Ah, the Mansard roof! A wood-frame house with a cherry on top. I must admit, I love ALL Mansard roofs, no matter the house material. Though they are by no means unique to wooden houses, there is something about finding this high-style feature adapted to the vernacular frame house that makes me smile. But what is the genesis of this much-beloved architectural element?
Back in 1995, when the NY Times reported on the wooden house at 59 South Elliott Place in Fort Greene, historian Christopher Gray referred to the whimsical blue shingled house as an “ice cream sundae amidst the roast beef of its more prosaic neighbors.” I like that.
What makes this eclectic house stand out is not only its eccentric massing, its recessed columned porch, or its open oriels that project from the top floor in a castle-like fashion (it is also not just because Othniel Boaz Askew lived here until 2003, when he was dramatically killed by the police moments after assassinating his local councilmember on the balcony in City Hall). What one instantly notices on this house are the blue scalloped shingles, which were first added to the facade in 1892 and restored not all that long ago when the house underwent a significant renovation.
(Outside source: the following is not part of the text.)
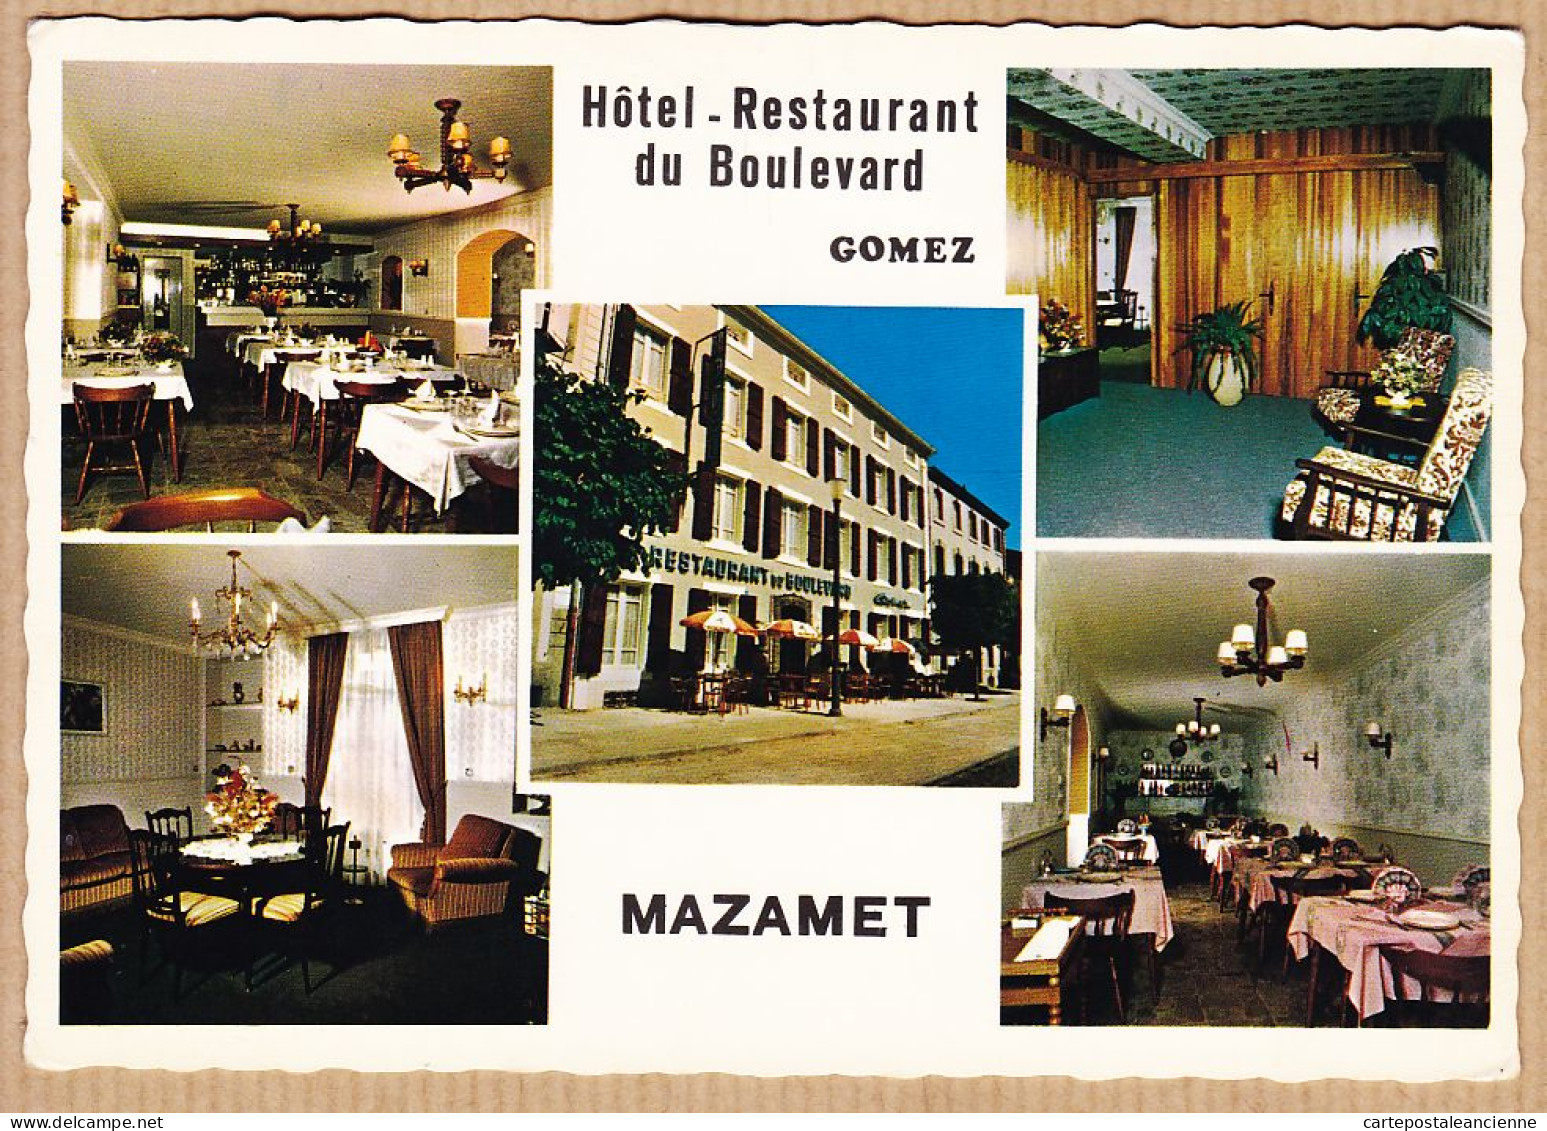 35726 / MAZAMET Tarn Hotel-Restaurant Du BOULEVARD Propriétaire GOMEZ Spécialité Espagnoles 1960s -Photo Marcel PORTE - Mazamet
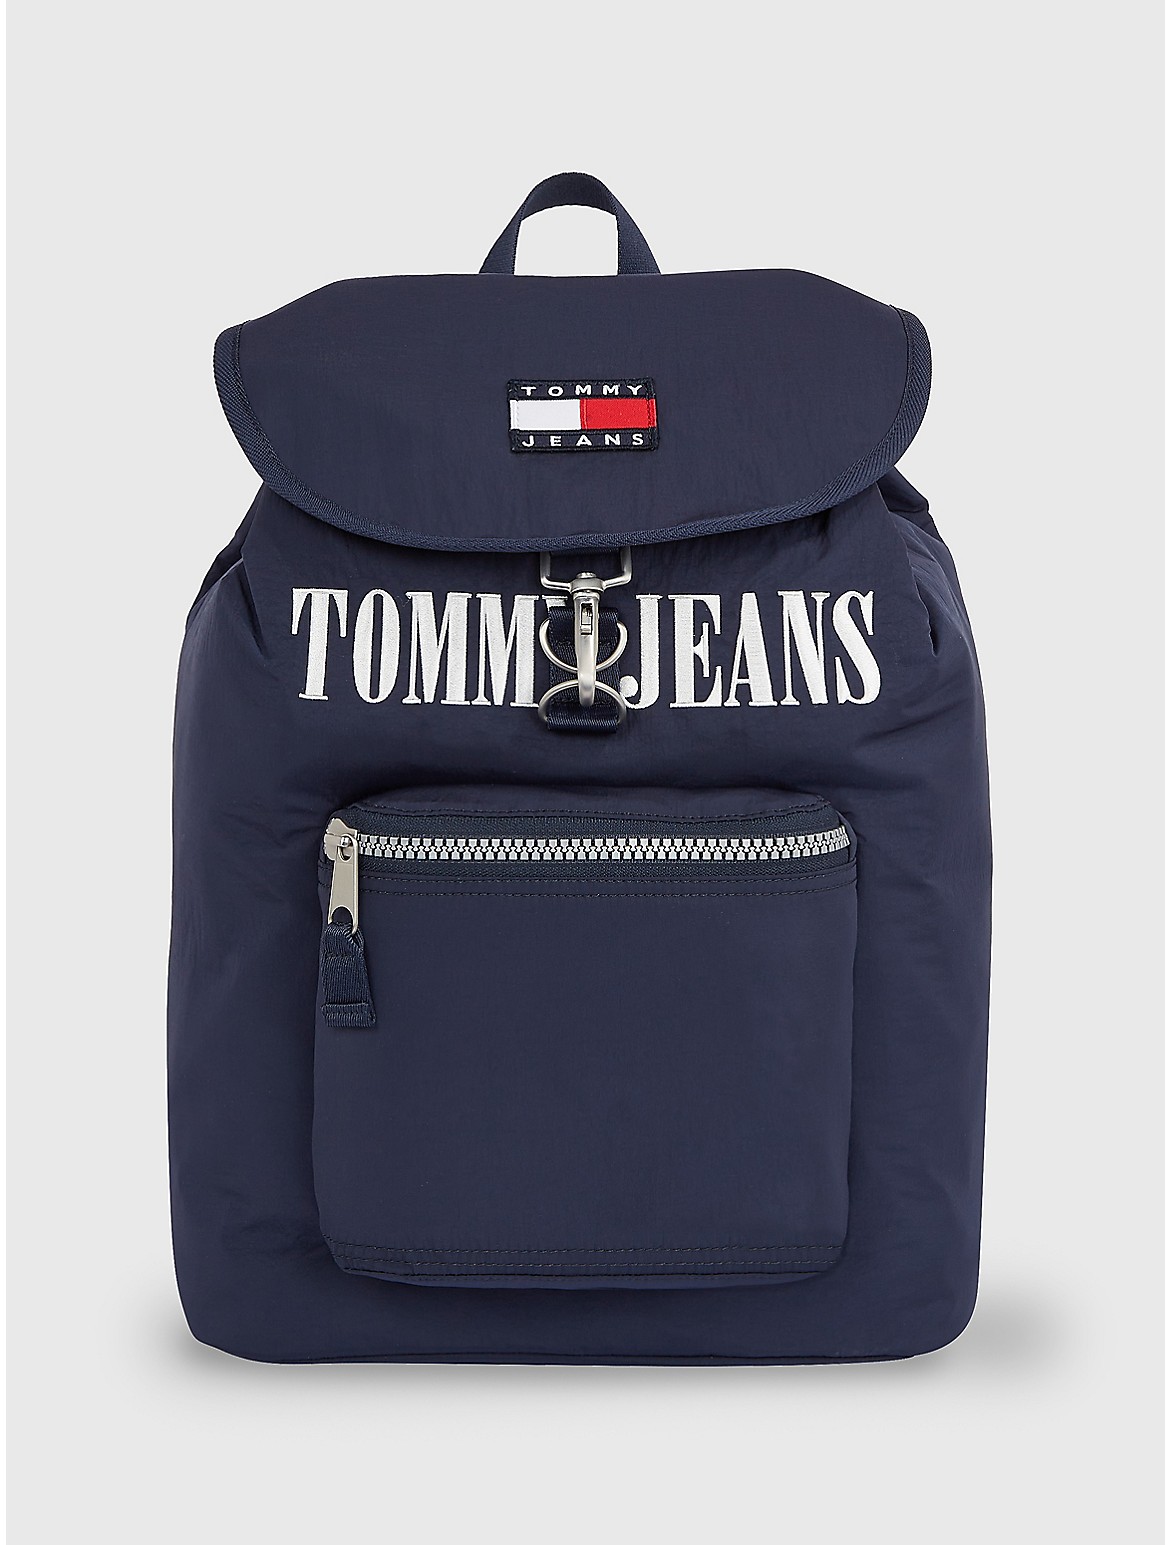 Tommy Hilfiger Men's TJ Heritage Flap Backpack - Blue

Wooden houses are abundant in the Fort Greene Historic District, and they’re the fun kind; rather than dominating the neighborhood, they surprise you when you notice small clusters intermittently wedged between bricks and brownstones. According to the Landmarks Preservation Commission’s designation report, the detached pair of transitional Greek Revival/Italianate houses at 329 & 333 Adelphi Street are the two oldest wooden houses in the district, built together ca. 1848. No. 329 (the corner house) appears more primitive because it has retained its original height and because of its shingles, though they are actually not original to the building. No. 333 once looked just the same, but was later heightened. Something about the wild landscaping adds to the houses’ country feel.